1. Большие перемены

Клоники

«Как две капли воды», – говорит дедушка, стоит маме и бабушке повздорить. «Мы не ссоримся, мы всегда так разговариваем», – отвечает то одна, то другая на наши упреки. И лучше всего дать им самим во всем разобраться.

Как две капли воды они потому, что – теперь я это понял – они одинаковые. Объяснив это мне, дедушка тут же направился в родительский кабинет, а вернулся с запыленным альбомом, чтобы показать мне фотографии тех лет, когда бабушка была маминого возраста.

– Их клонировали! – сказал я.

С того дня мама и бабушка – клоники. Сами они об этом не знают, это один из наших с дедушкой секретов.

На одной из фотографий бабушка в фартуке сидит на каменной скамейке возле дома, а мама мелом рисует каракули на цементной дорожке. Рядом с ними нарисовано дерево, очень большое, почти в натуральную величину.

– Это моя верба, – сказал мне дедушка. – Когда-нибудь я тебе про нее расскажу.

Ребенок

– Жоан, сходи с ребенком за хлебом.

«Ребенок» – это я. В последнее время, что бы деду ни поручили, меня отправляют с ним в нагрузку. Иногда мне никуда идти не хочется, потому что я как раз сел играть, или читать, или даже делать уроки. Но с недавнего времени сопровождать деда стало для меня самым важным делом.

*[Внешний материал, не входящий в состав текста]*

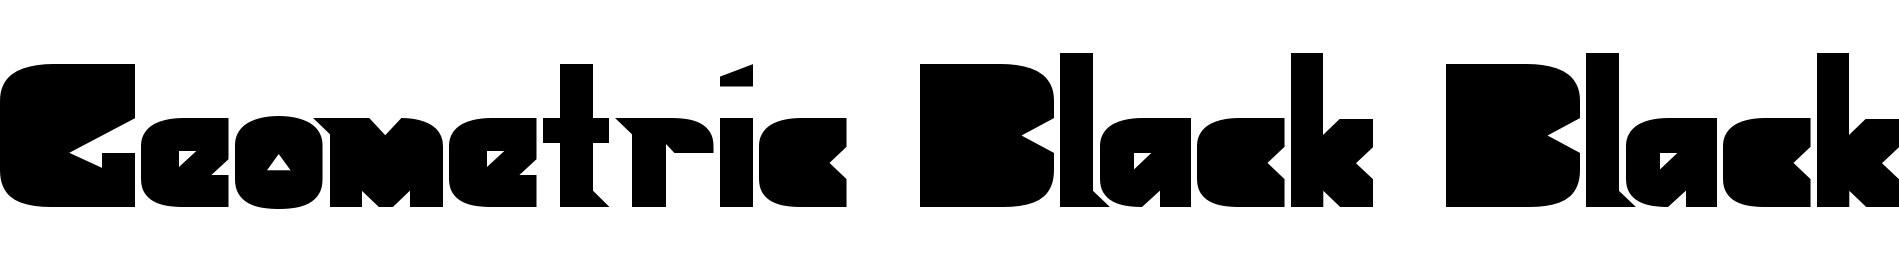 Geometric Black Black

– Гляди-ка, за хлебом нас послали, Жан.

Когда мы выходим на улицу, дед крепко берет меня за руку и просит читать вслух названия всех улиц. Куда бы мы ни шли, он хочет, чтобы я как следует знал дорогу, потому что, по его словам, я уже большой и скоро буду везде ходить сам. Когда это говорит, глаза у него делаются какими-то остекленевшими, чужими, и мне становится трудно дышать. Но я не спорю – я с дедом никогда не спорю – и читаю таблички: улица Уржель, Боррель, Тамарит, Виладомат[3]

– Магазины – штука ненадежная, не успеешь оглянуться, как они уже куда-то переехали. Все меняется, кроме улиц. – И он вглядывается в темные буквы на табличках из белого мрамора, как будто на каждом углу нас ждут тайные сообщения о том, как найти дорогу домой.

Свой дед

– Скажи своему деду, что пора ужинать.

Всем известно, что когда бабушка зовет его «своим дедом», пора бить тревогу.

В хорошем настроении бабушка Катерина бывает почти всегда. Заметьте, почти. А если настроение у нее плохое, расхлебывать кашу приходится деду, потому что с ним она тут же перестает разговаривать.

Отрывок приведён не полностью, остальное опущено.